- **Assignment**:
Retype the listing found below exactly, but leave out each picture.

----- Dataset excerpt

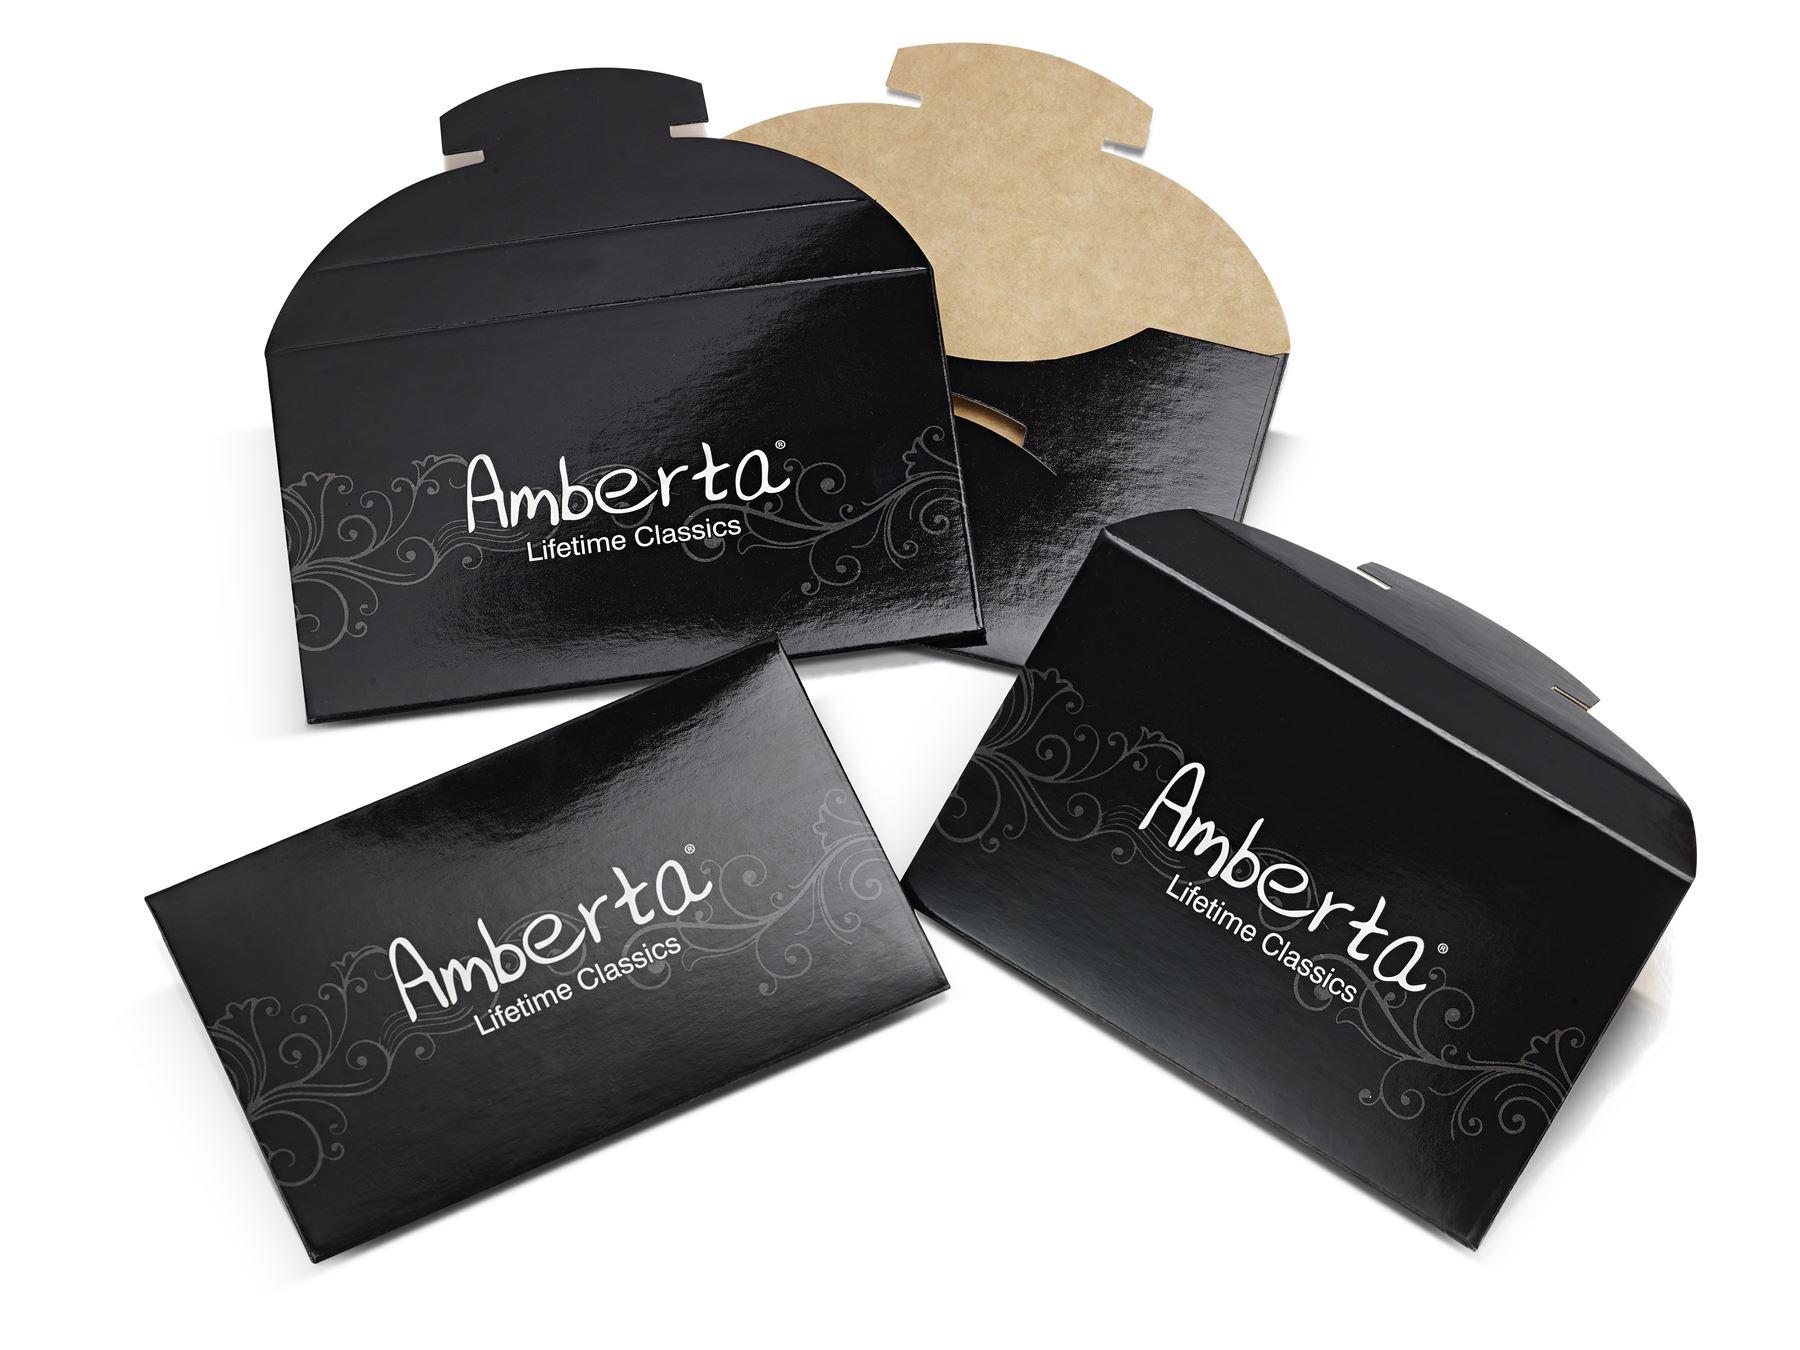 Amberta-Jewelry-925-Sterling-Silver-Adjustable-Bracelet-Italian-Bangle-for-Women thumbnail 10
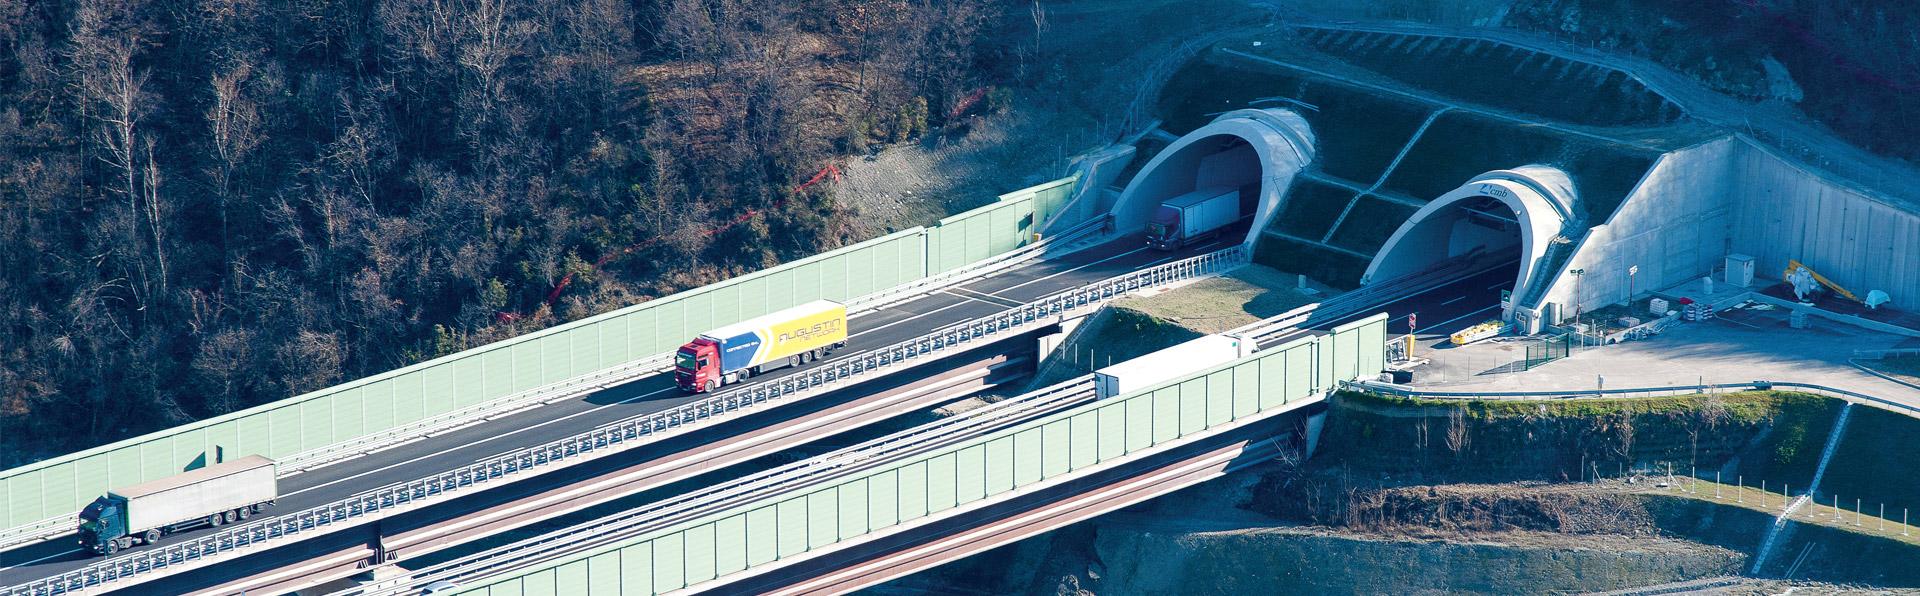 variante-di-valico-bologna-firenze-autostrada-al-motorway
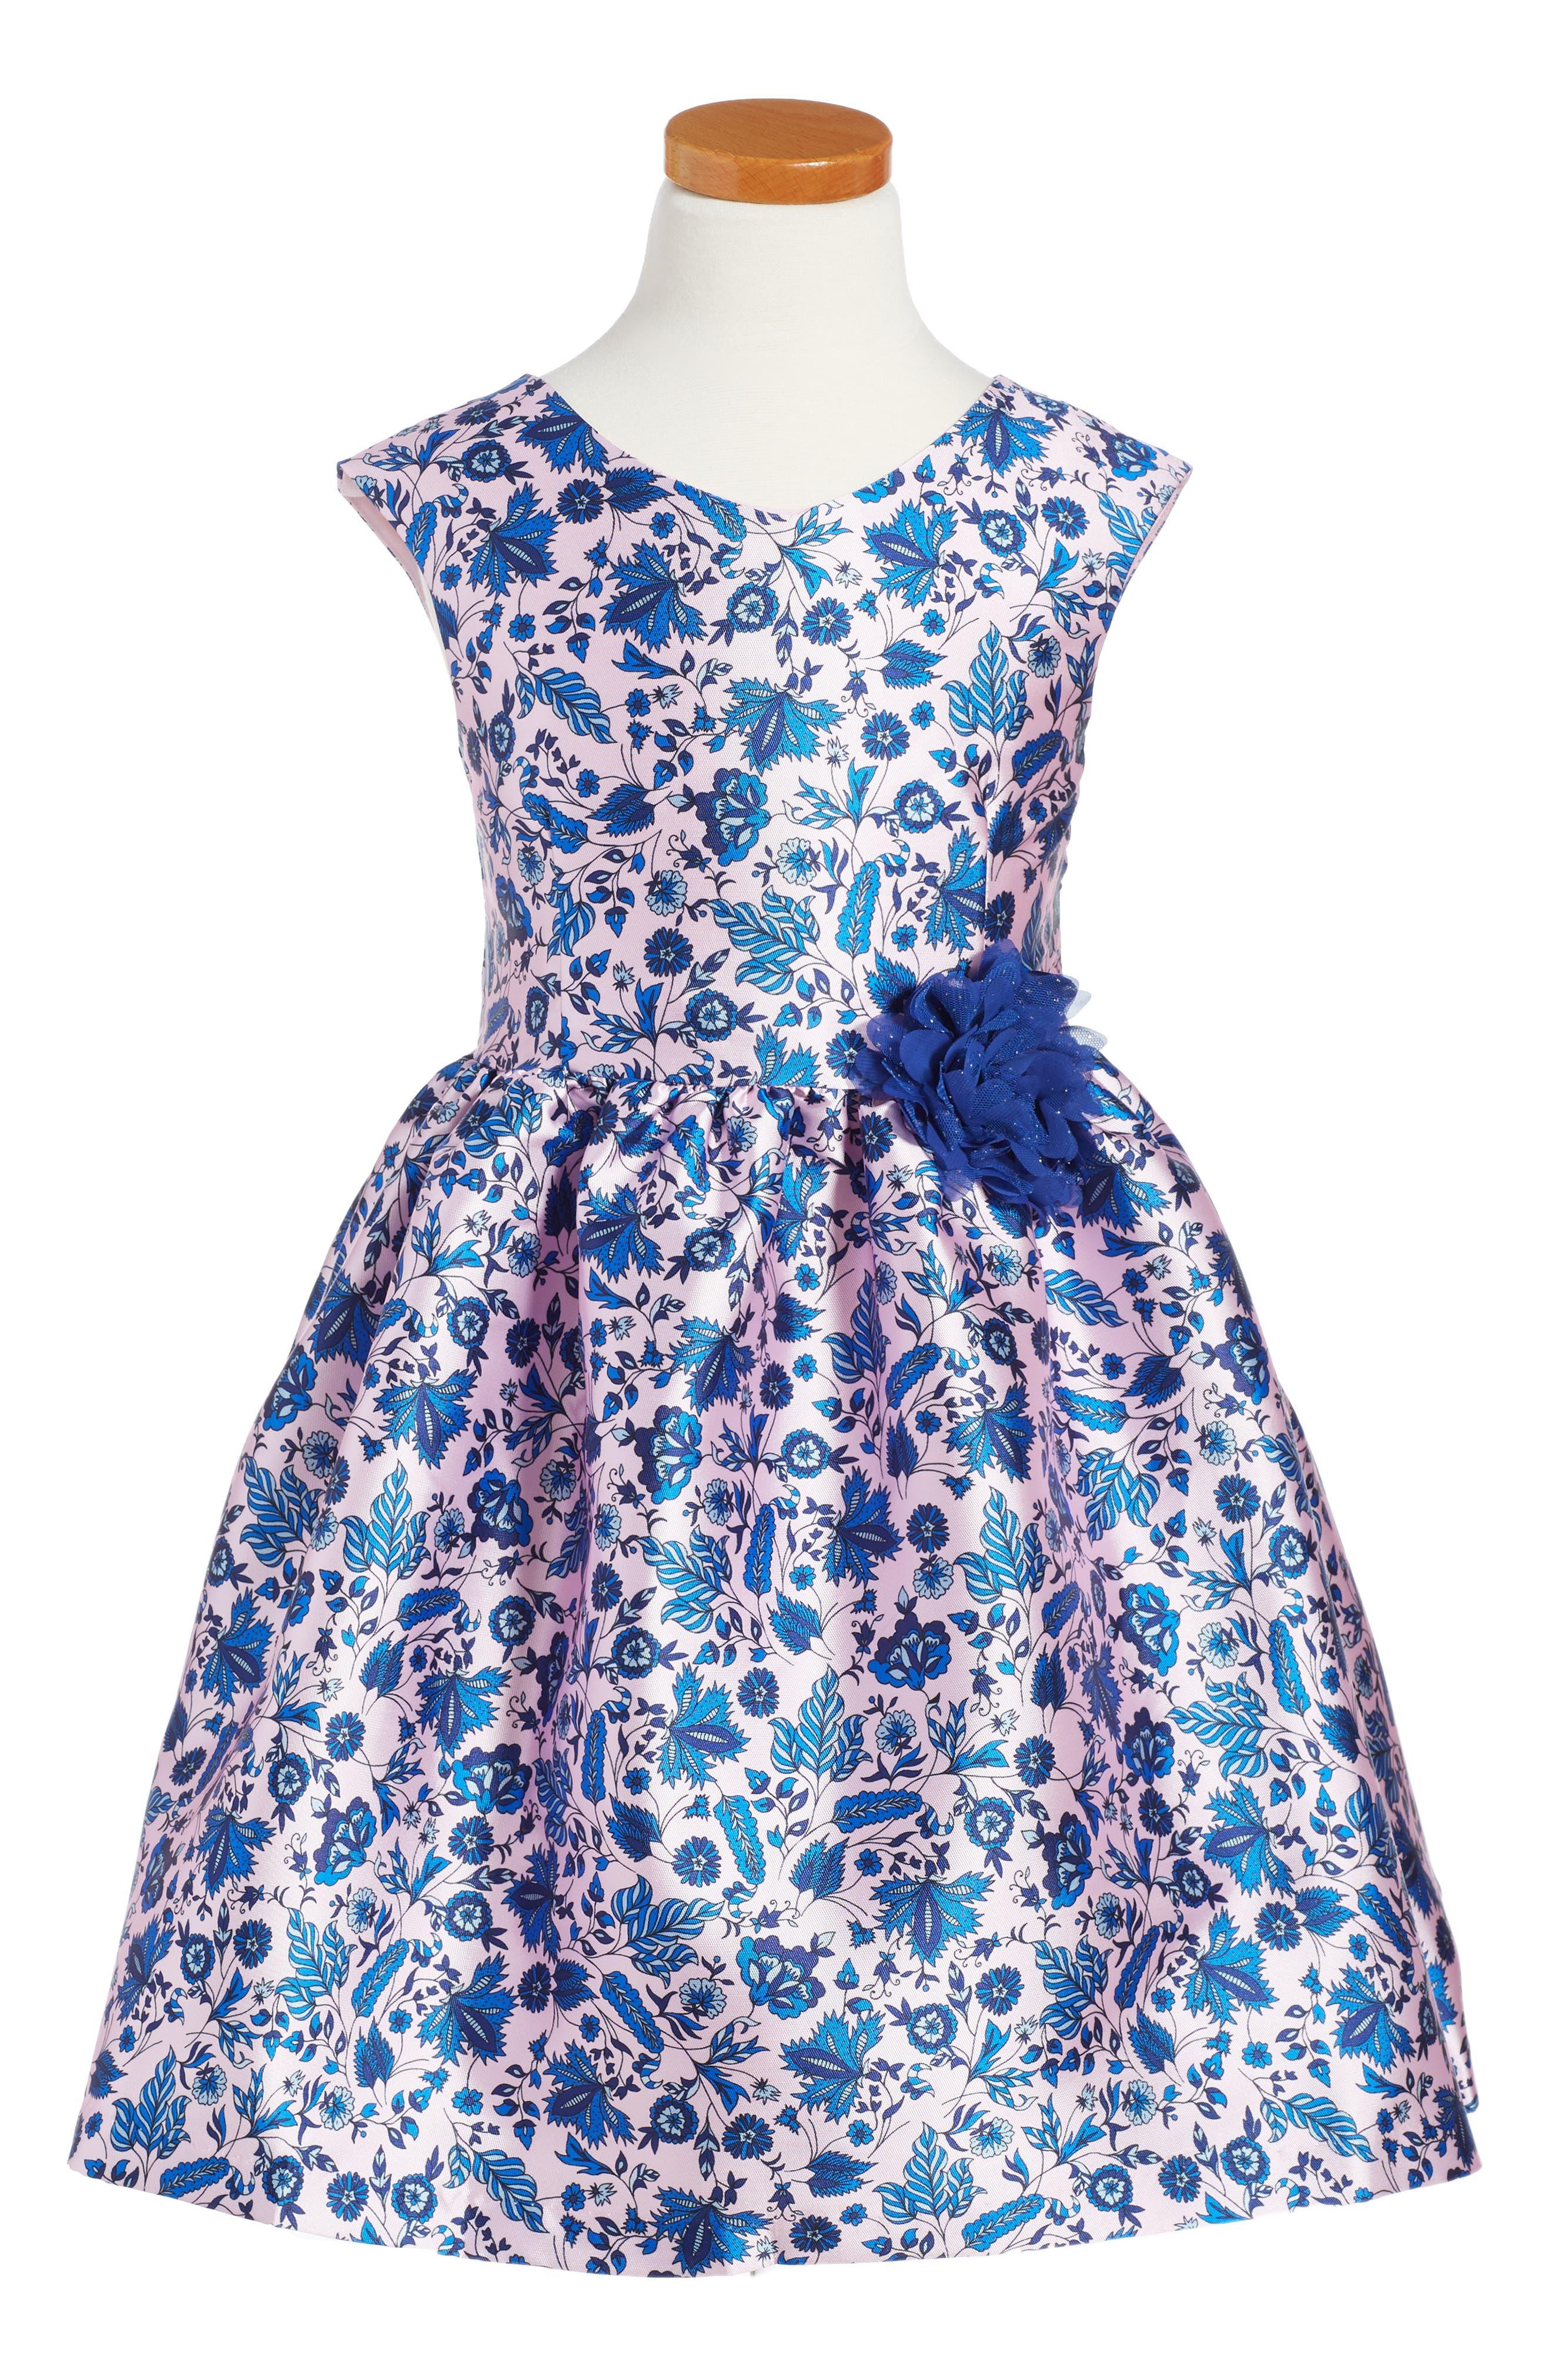 Alternate Image 1 Selected - Pippa & Julie Print Fit & Flare Dress (Toddler Girls, Little Girls & Big Girls)

----------

- **Finished exercise**:
 Amberta-Jewelry-925-Sterling-Silver-Adjustable-Bracelet-Italian-Bangle-for-Women thumbnail 10
 variante-di-valico-bologna-firenze-autostrada-al-motorway
 Alternate Image 1 Selected - Pippa & Julie Print Fit & Flare Dress (Toddler Girls, Little Girls & Big Girls)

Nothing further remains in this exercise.